What is being asked: In the records that follow, find the line containing "Chanel black leather" and the line containing "Very good condition", then transcribe both and every line between them exactly, omitting pictures.

Data supplied:

::::

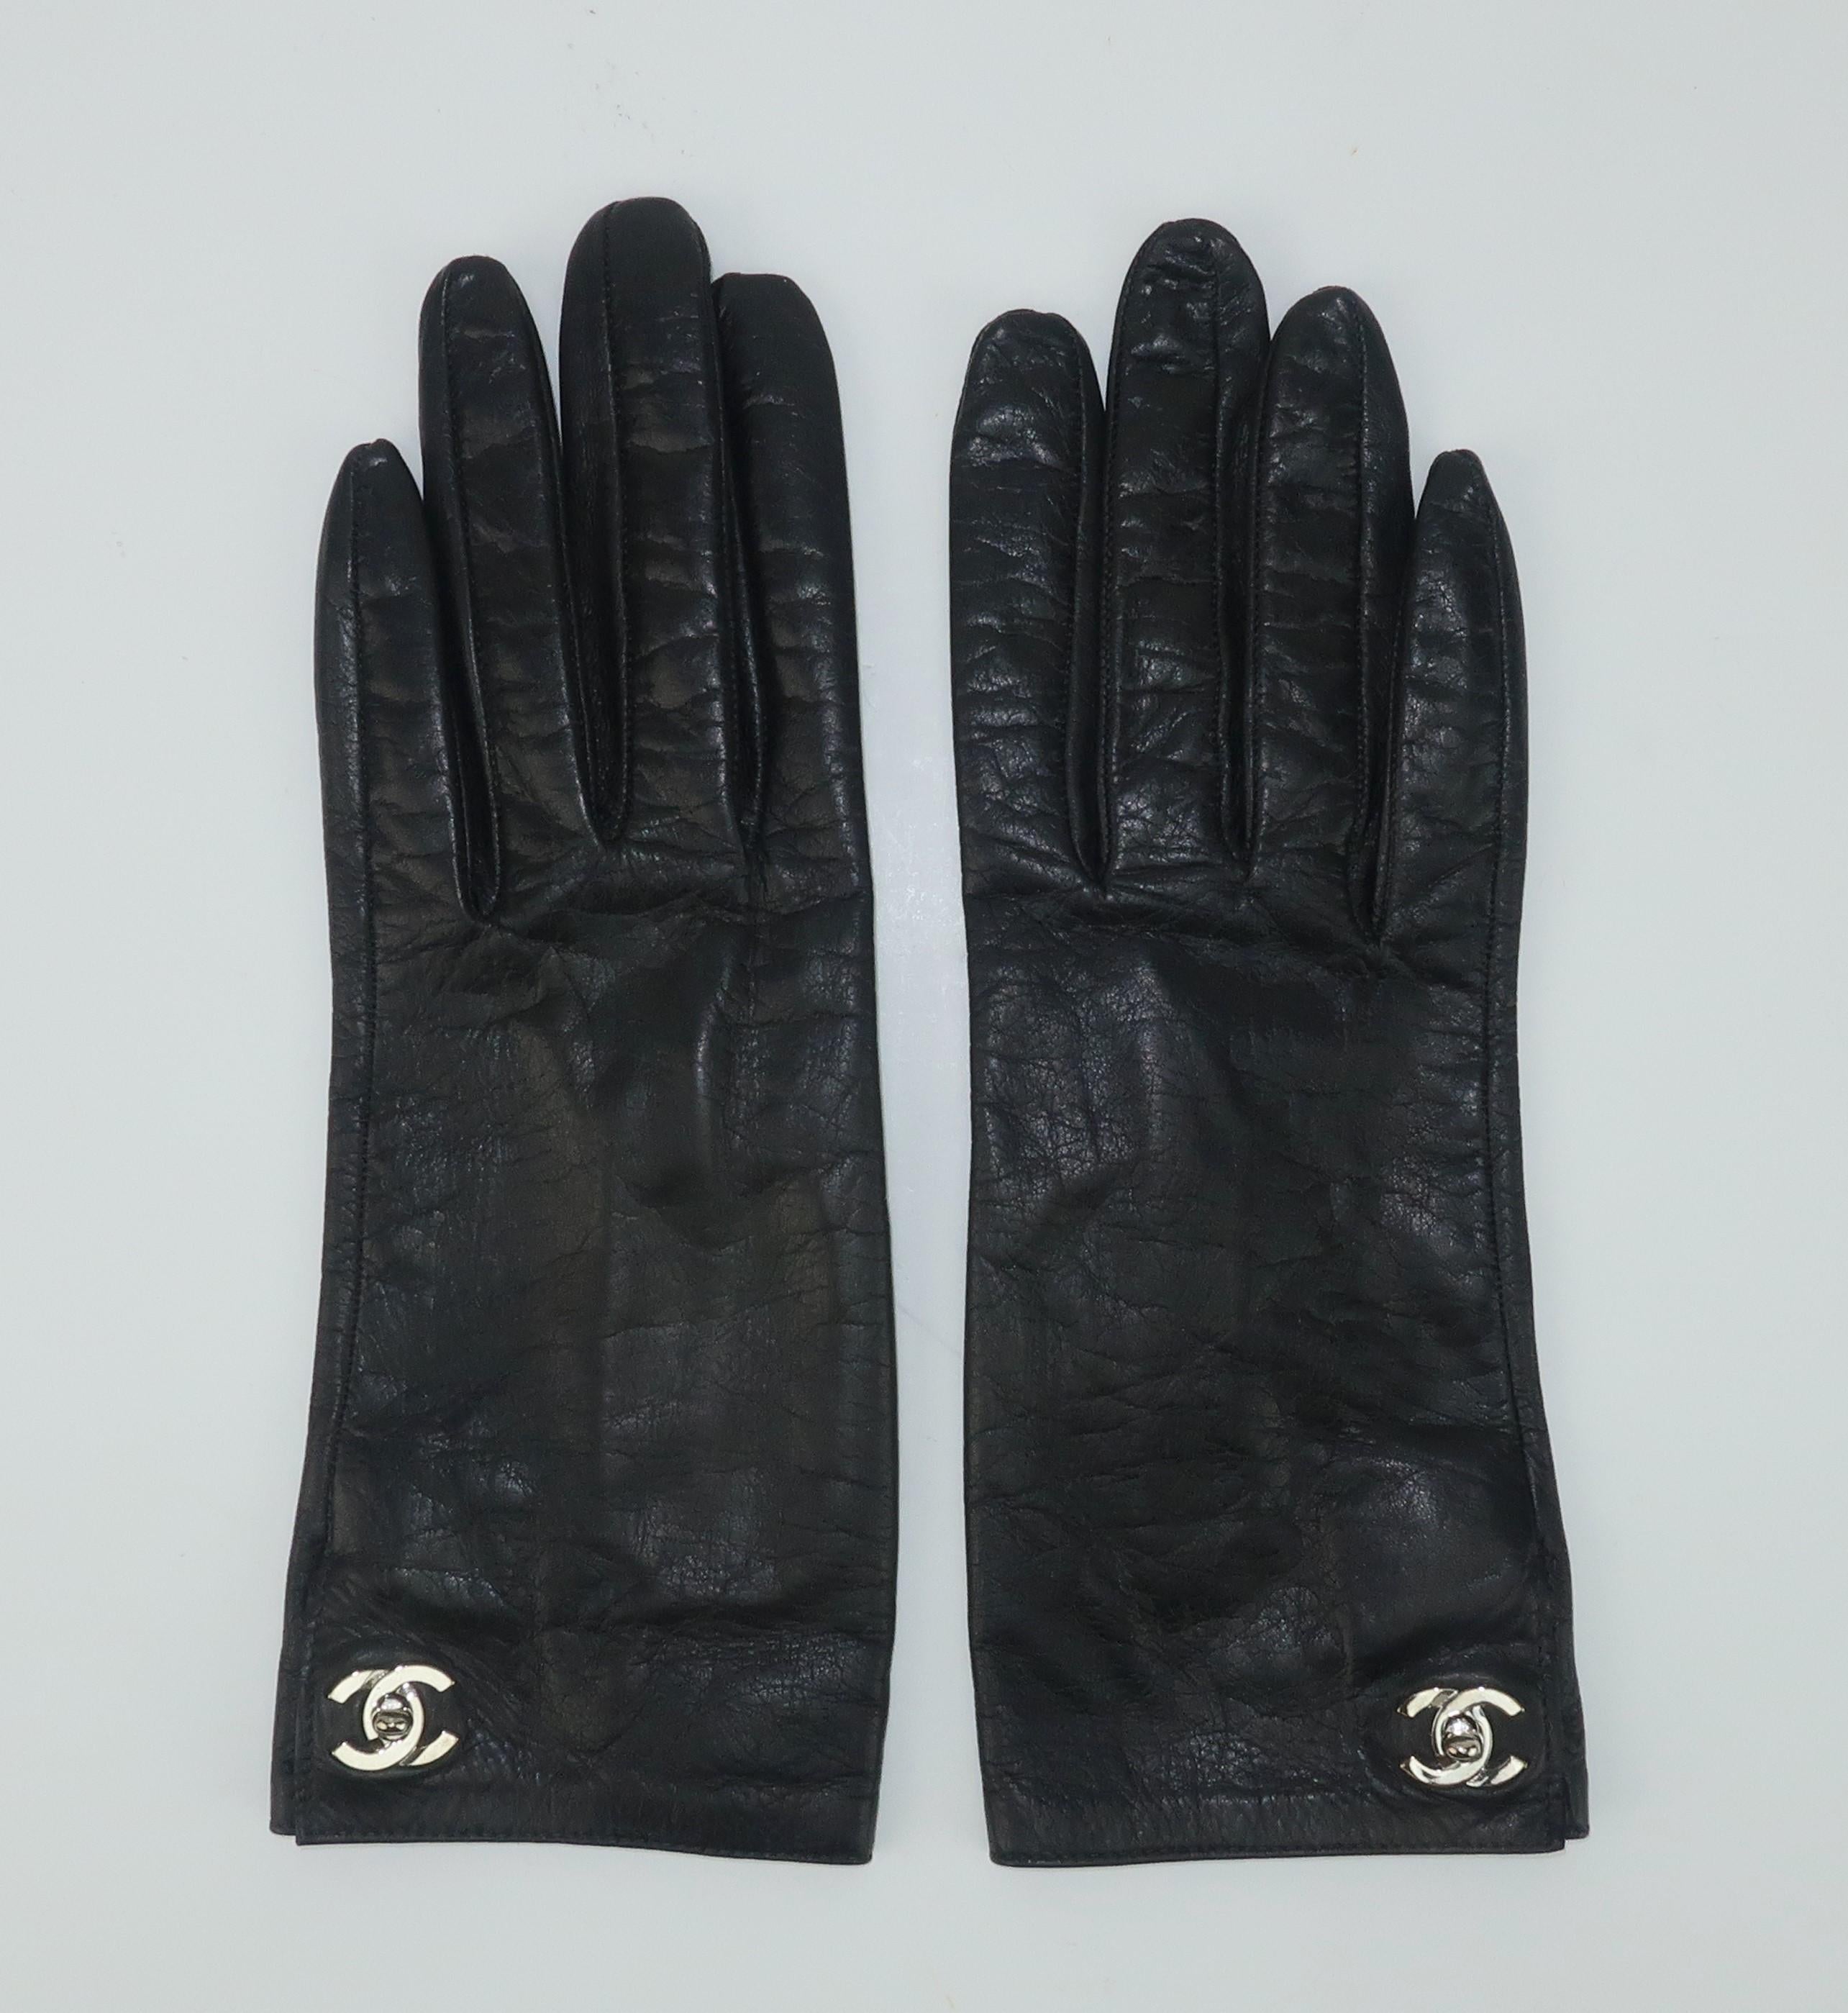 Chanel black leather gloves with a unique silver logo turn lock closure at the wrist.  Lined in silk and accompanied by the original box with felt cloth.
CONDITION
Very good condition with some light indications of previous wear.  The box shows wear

::::

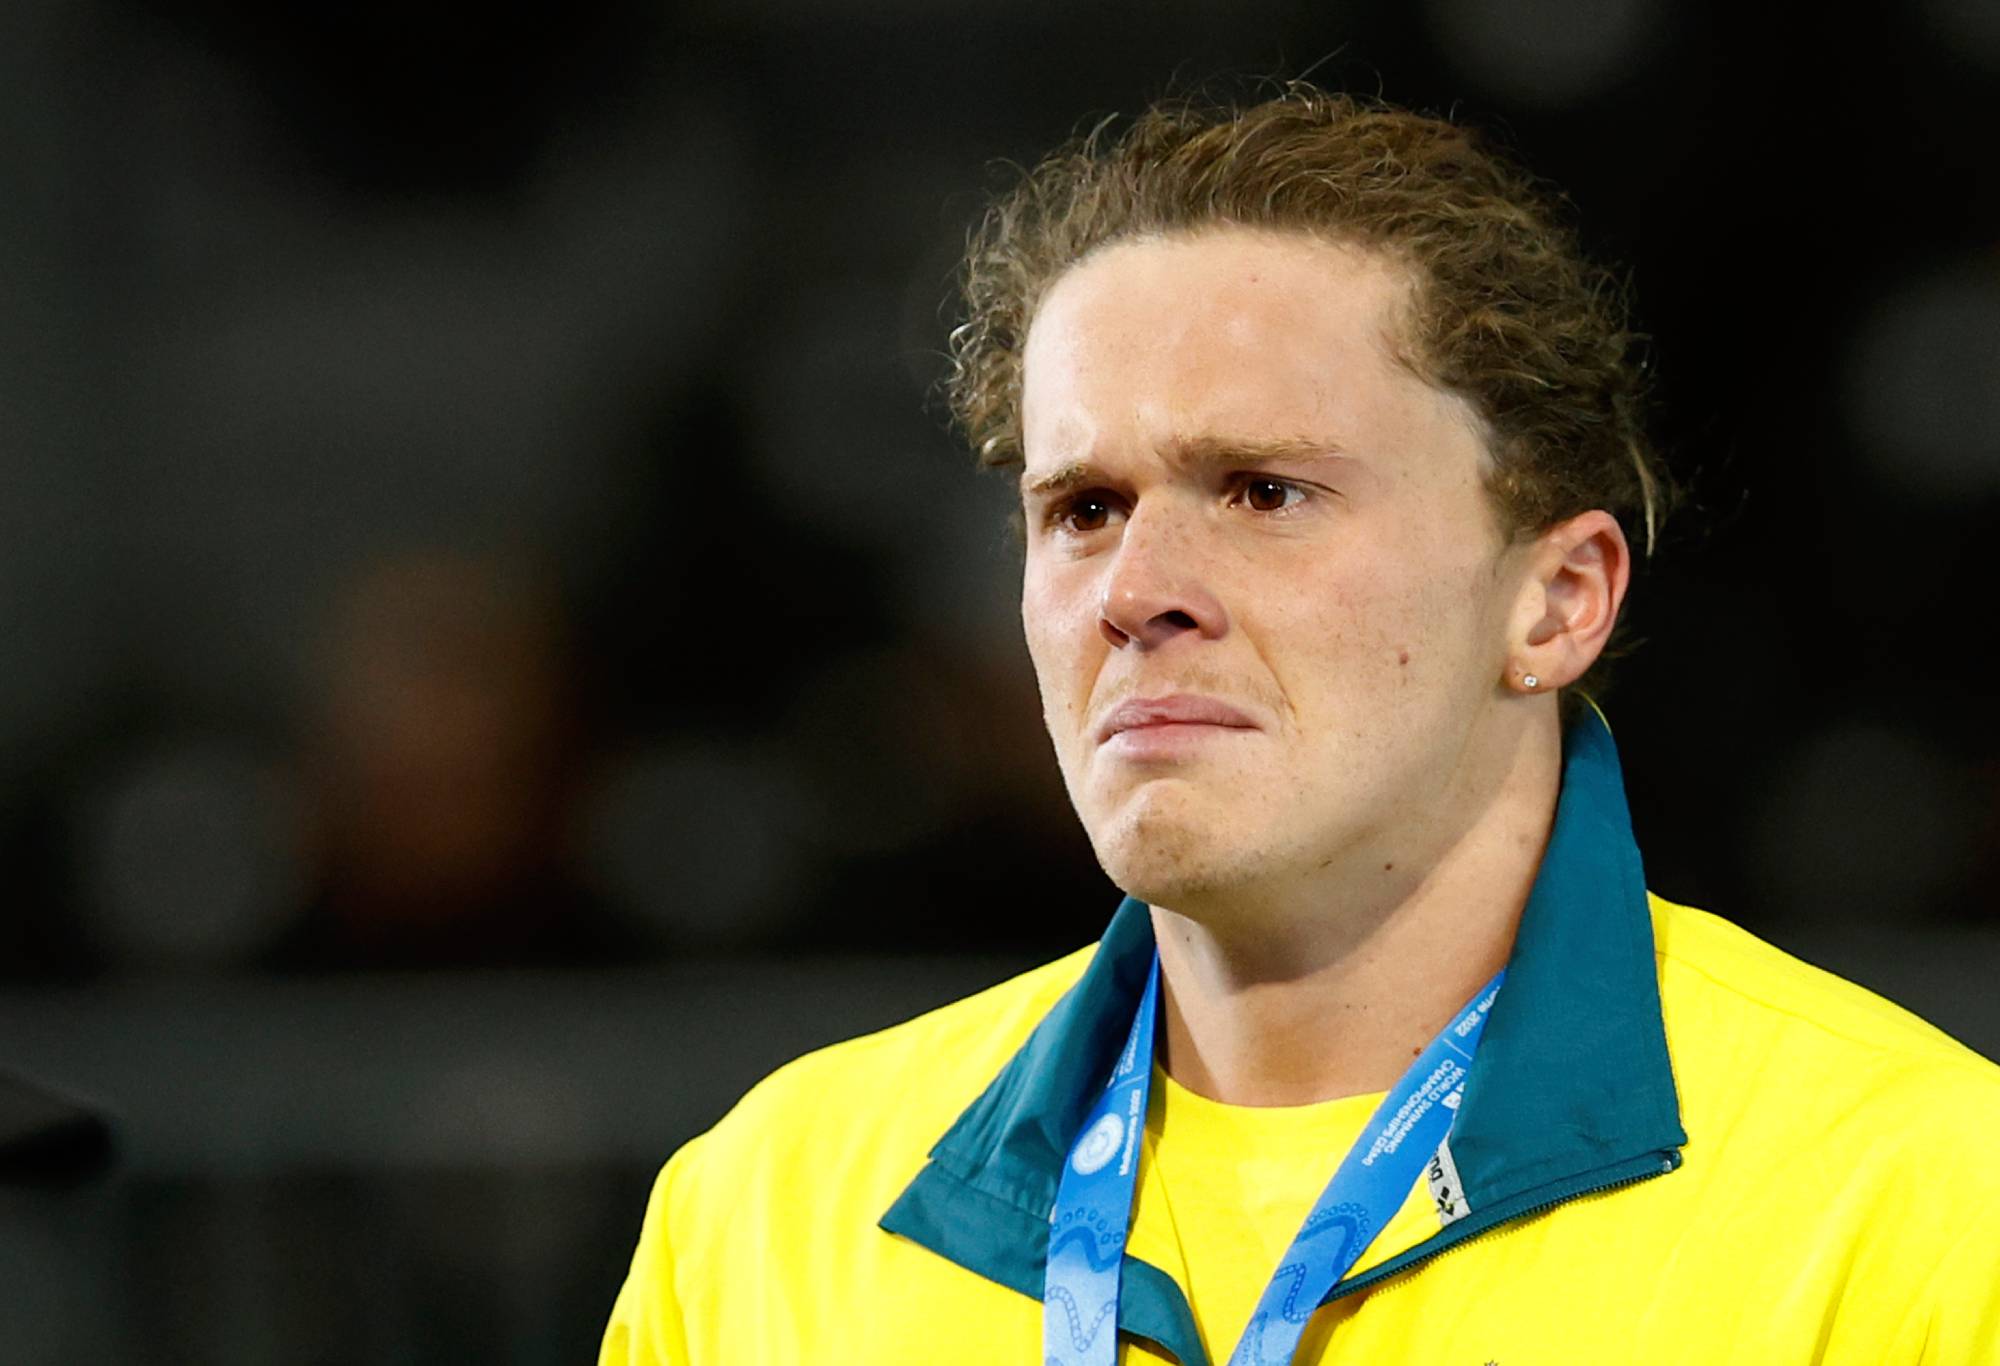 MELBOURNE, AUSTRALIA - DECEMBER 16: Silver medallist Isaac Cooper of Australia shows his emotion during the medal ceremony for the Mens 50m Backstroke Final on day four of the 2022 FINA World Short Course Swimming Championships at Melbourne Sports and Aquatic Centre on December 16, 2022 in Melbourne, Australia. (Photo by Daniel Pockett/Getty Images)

::::

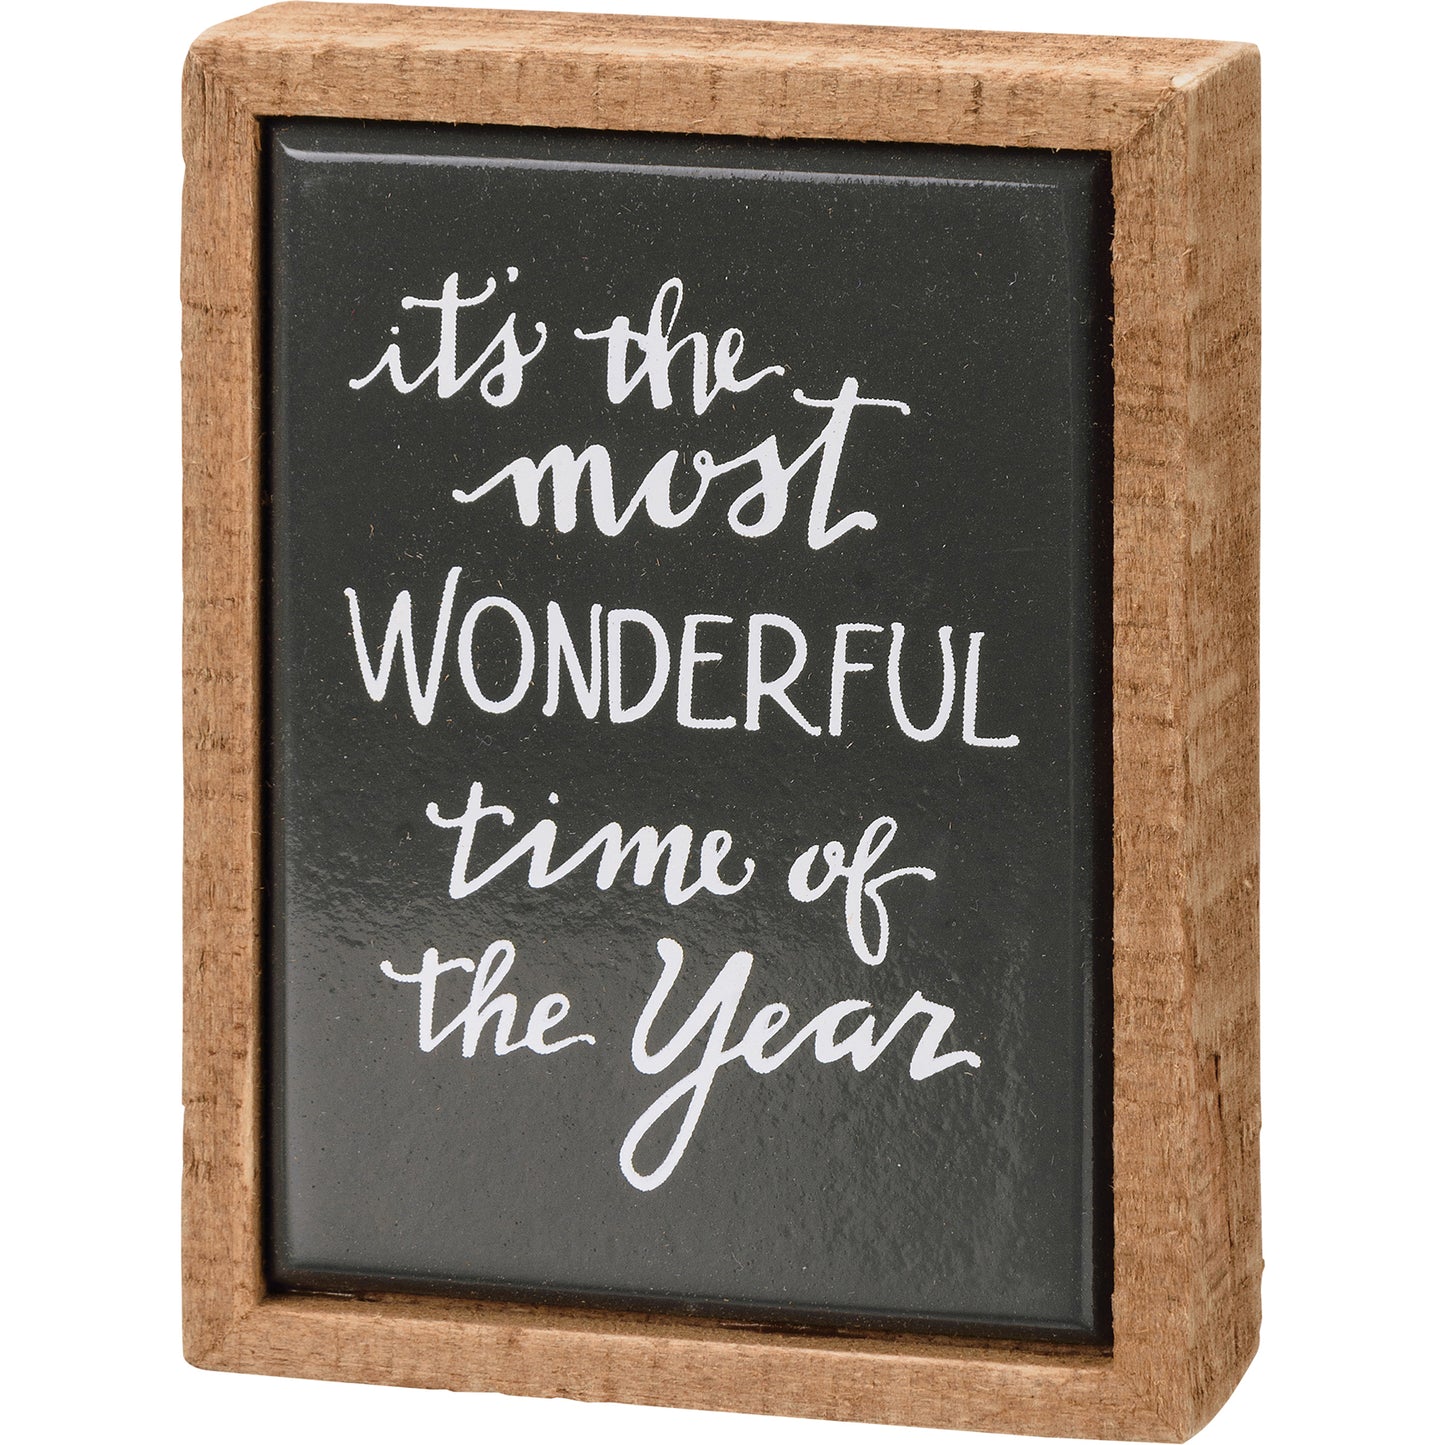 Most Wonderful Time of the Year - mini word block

::::

Final answer:
 Chanel black leather gloves with a unique silver logo turn lock closure at the wrist.  Lined in silk and accompanied by the original box with felt cloth.
CONDITION
Very good condition with some light indications of previous wear.  The box shows wear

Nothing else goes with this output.